Сирокко улыбнулась, не прерывая ее бессвязную речь, но глаза ее не улыбались. Она посмотрела через плечо Волынки на Габи.

– Последнее средство, – тихо сказала она по-английски, – если станет очевидно, что она хочет вырваться, возьми этот камень и ударь ее по голове. Если она убежит, то погибнет.

– О чем она говорит?

– Она хочет заняться со мной любовью.

– Этим?! Лучше я прямо сейчас стукну ее по башке.

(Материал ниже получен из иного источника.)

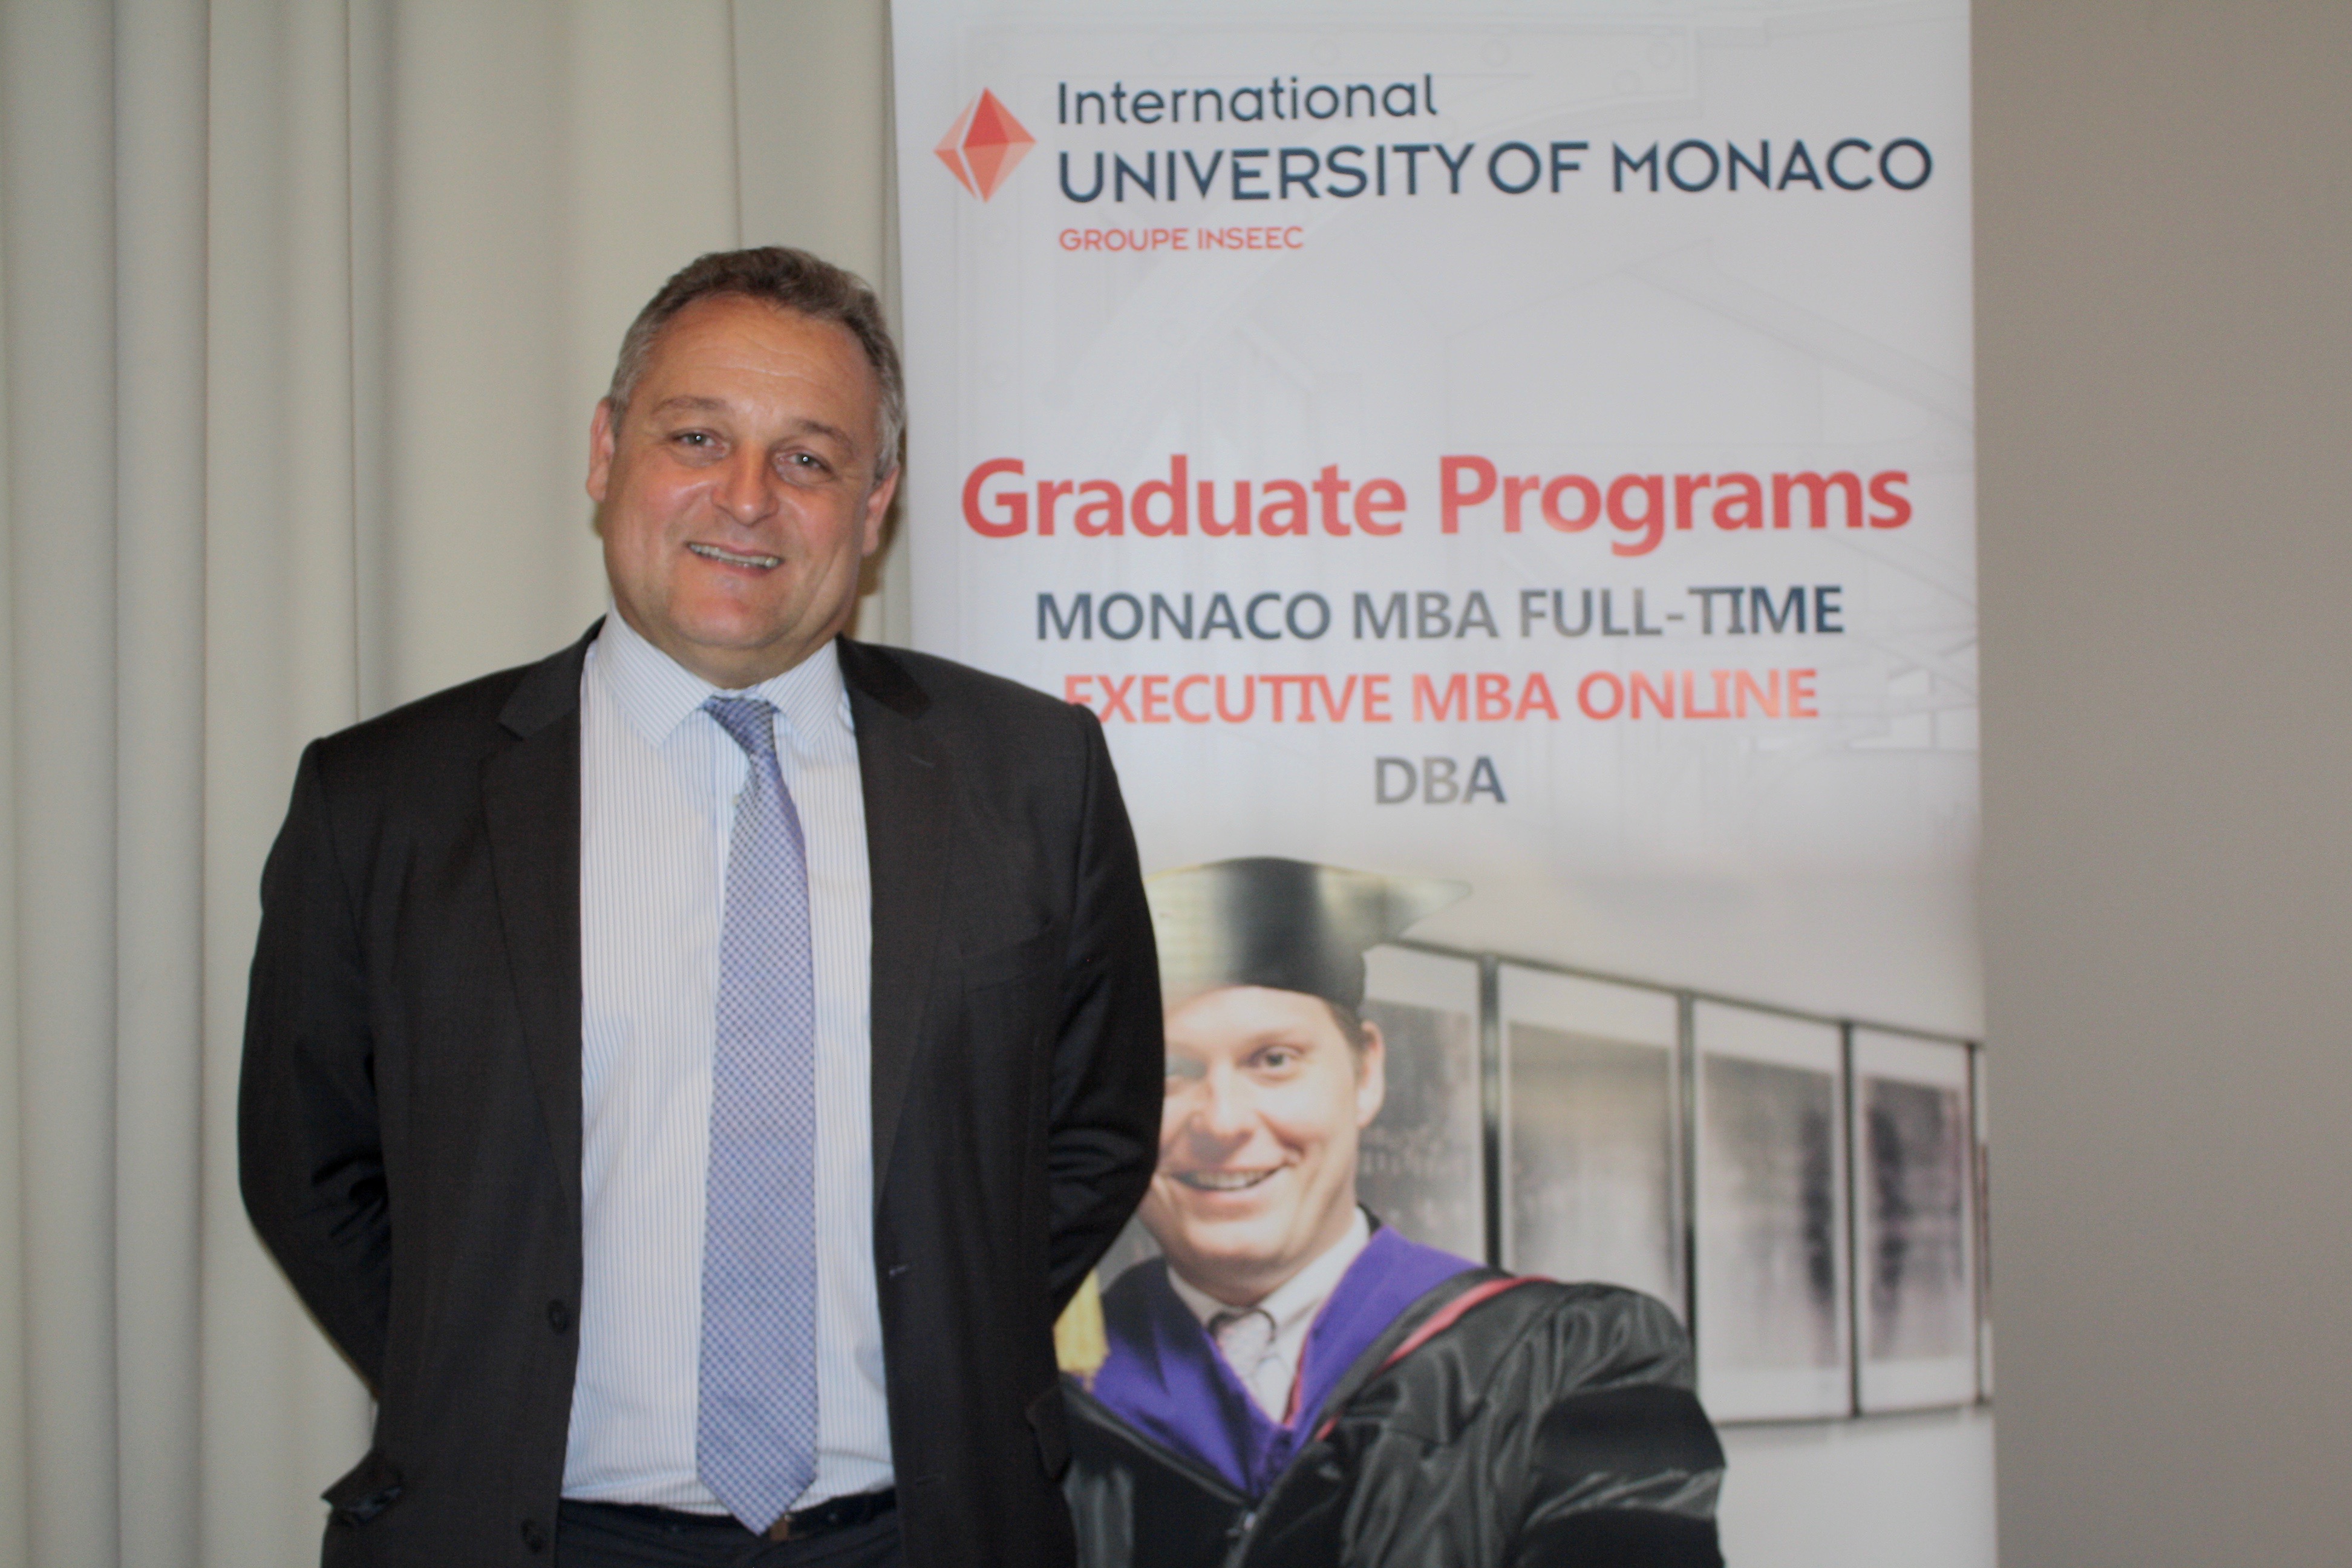 C’est l’heure du bilan pour l’International University of Monaco
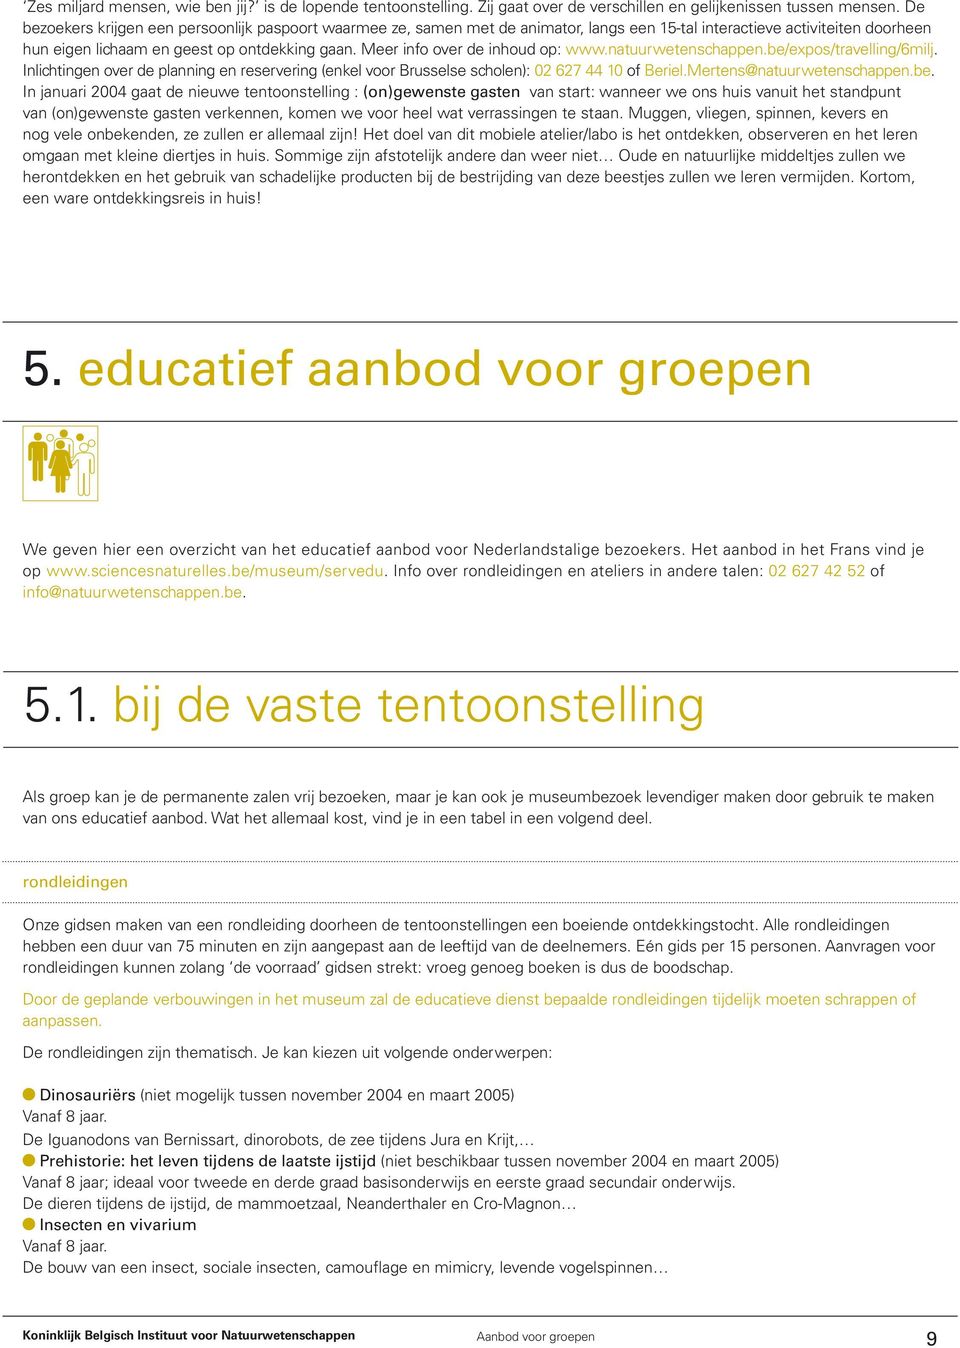 Meer info over de inhoud op: www.natuurwetenschappen.be/expos/travelling/6milj. Inlichtingen over de planning en reservering (enkel voor Brusselse scholen): 02 627 44 10 of Beriel.

– Не говори глупостей. Нам не грозит от нее никакая опасность. Если она освободится, то даже не увидит нас. Ты слышишь, что они возвращаются?

– Кажется, да.

Во второй раз это оказалось уже не так тяжело. Они не дали возможности Волынке услышать ангелов, а когда она потела и тряслась, как будто каким-то образом чувствовала их присутствие, то боролась она уже не столь яростно.

А затем ангелы улетели, назад в сплошную темноту спицы над Реей.

Когда они освободили ее, она расплакалась; это были беспомощные рыдания ребенка, который не понимал, что с ним произошло. Плач перешел в капризность и жалобы, главным образом на то, что у нее поранены ноги и уши. Габи и Сирокко растерли ей ноги в тех местах, где врезались веревки. Ее раздвоенные копыта были прозрачные и красные как вишневое желе.